Small diameter ‘tunnels’ favored chondrogenesis followed by osteogenesis, while large
diameter ‘tunnels’ favored direct bone formation [80–82]. Similarly, the geometry of HA
scaffolds (honey-comb, porous particles, or porous blocks) determined the mode of boneformation [80]. Porous HA particles and blocks allowed for vascularization, providing
sufficient oxygen and nutrient flow to permit direct bone formation, while honey-comb HA
structures provided a low oxygen environment, stimulating initial chondrogenesis followed by
osteogenesis [80]. These results suggest that scaffold architecture can be designed to favor one
tissue type over another (e.g., cartilage vs. bone), as well as to favor a particular regeneration
pathway (e.g., intramembranous vs. endochondral ossification). Given the responsiveness of
cells to scaffold properties, silk scaffold processing was explored to determine whether scaffold
features could be designed to achieve not only desired cell proliferation and differentiation,
but also complex tissue architectures. The anatomical structure of newly formed bone was
found to be pre-determined by initial silk scaffold geometry [83]. By changing pore
interconnectivity within silk scaffolds, bone structures ranging from trabecular, plate-like bone
to cortical-like bone networks were formed [83]. Building upon these results, silk scaffolds
were engineered with two side-by-side domains of large and small diameter ranges of poresizes to recreate the heterogeneous structure of bone, which can range from spongy, porous
morphologies to compact morphologies [84]. The structure of the newly formed bone
correlated with scaffold pore sizes, with the smaller pores supporting more trabeculae
formation. Thus, scaffold properties such as porosity, pore size, and pore geometry can be
tailored to dictate the mechanism of tissue regeneration and the structure of the resulting tissue,
an important design consideration for large-scale tissue patterning.

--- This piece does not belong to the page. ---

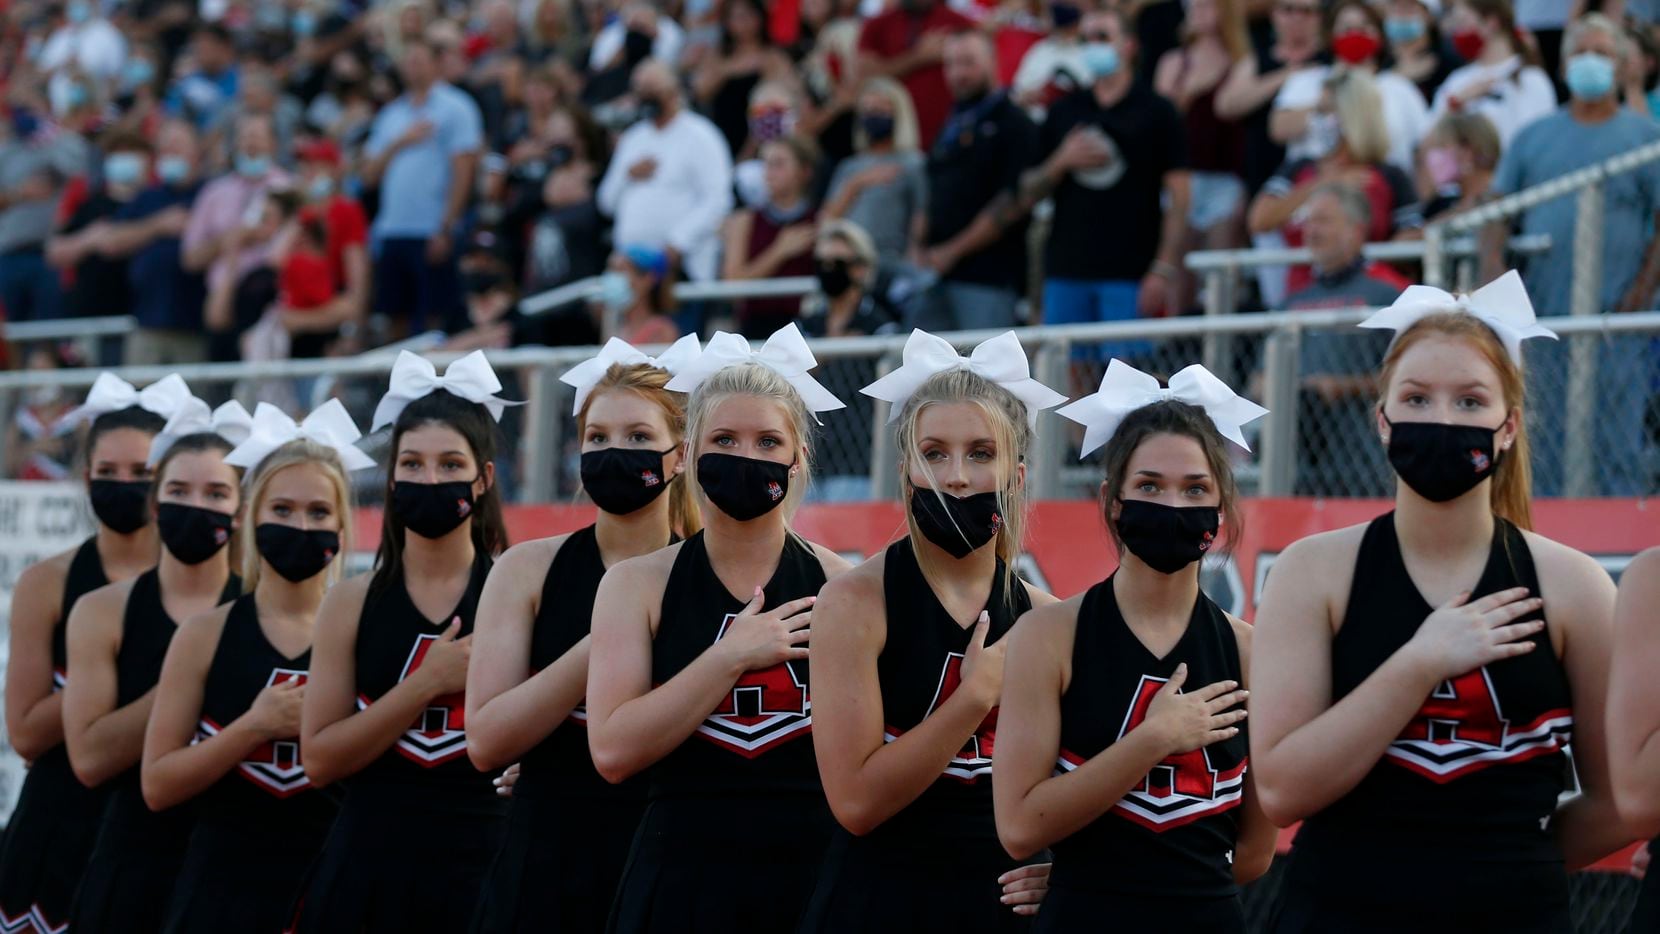 The Argyle cheerleaders and fans stand for the National Anthem during a high school football game against Decatur, in Argyle, Tx, on August 28, 2020. (Michael Ainsworth/Special Contributor)

An important consequence of altering the geometry of silk and other biomaterial scaffolds is
that the mechanical properties of the scaffolds are altered. In an in vivo setting, such as healing
of a bone defect, it is critical for the scaffold to provide mechanical support in addition to
biological stimuli until the new tissue develops biomechanical properties that match the native
tissue [31]. Silk is an attractive material for osteochondral tissue engineering because its
mechanical properties are favorable for engineering load-bearing tissues: silk displays a higherelastic modulus and tensile strength compared to other natural biomaterials as well as synthetic
biomaterials [85,86]. These mechanical properties of silk fibers translate to the 3D scaffold
environment as well. The compressive strength and modulus of porous silk sponges are
significantly higher than the corresponding properties of collagen, chitosan, hyaluronan, and
polymeric porous sponges [60,68,86]. Thus, silk scaffolds are well-suited to address the
mechanical challenges that contribute to the failure of natural materials like collagen, which
are attractive materials because of their bioactivity and their presence in the ECM but which
cannot support mechanical loading [87]. In addition to its role in reinforcing the injury site,
the mechanical environment supplied by the scaffold may be important for controlling the
mechanism of bone tissue regeneration. Endogenous examples of intramembranous and
endochondral ossification show that mesenchymal cells at a fracture site respond to differences
in mechanical stimulation (motion vs. fixation) by choosing one pathway over the other [19,
20]. Thus, it is possible that the differences in mechanical stability provided by porous scaffolds
of different geometries may also favor one healing pathway over the other.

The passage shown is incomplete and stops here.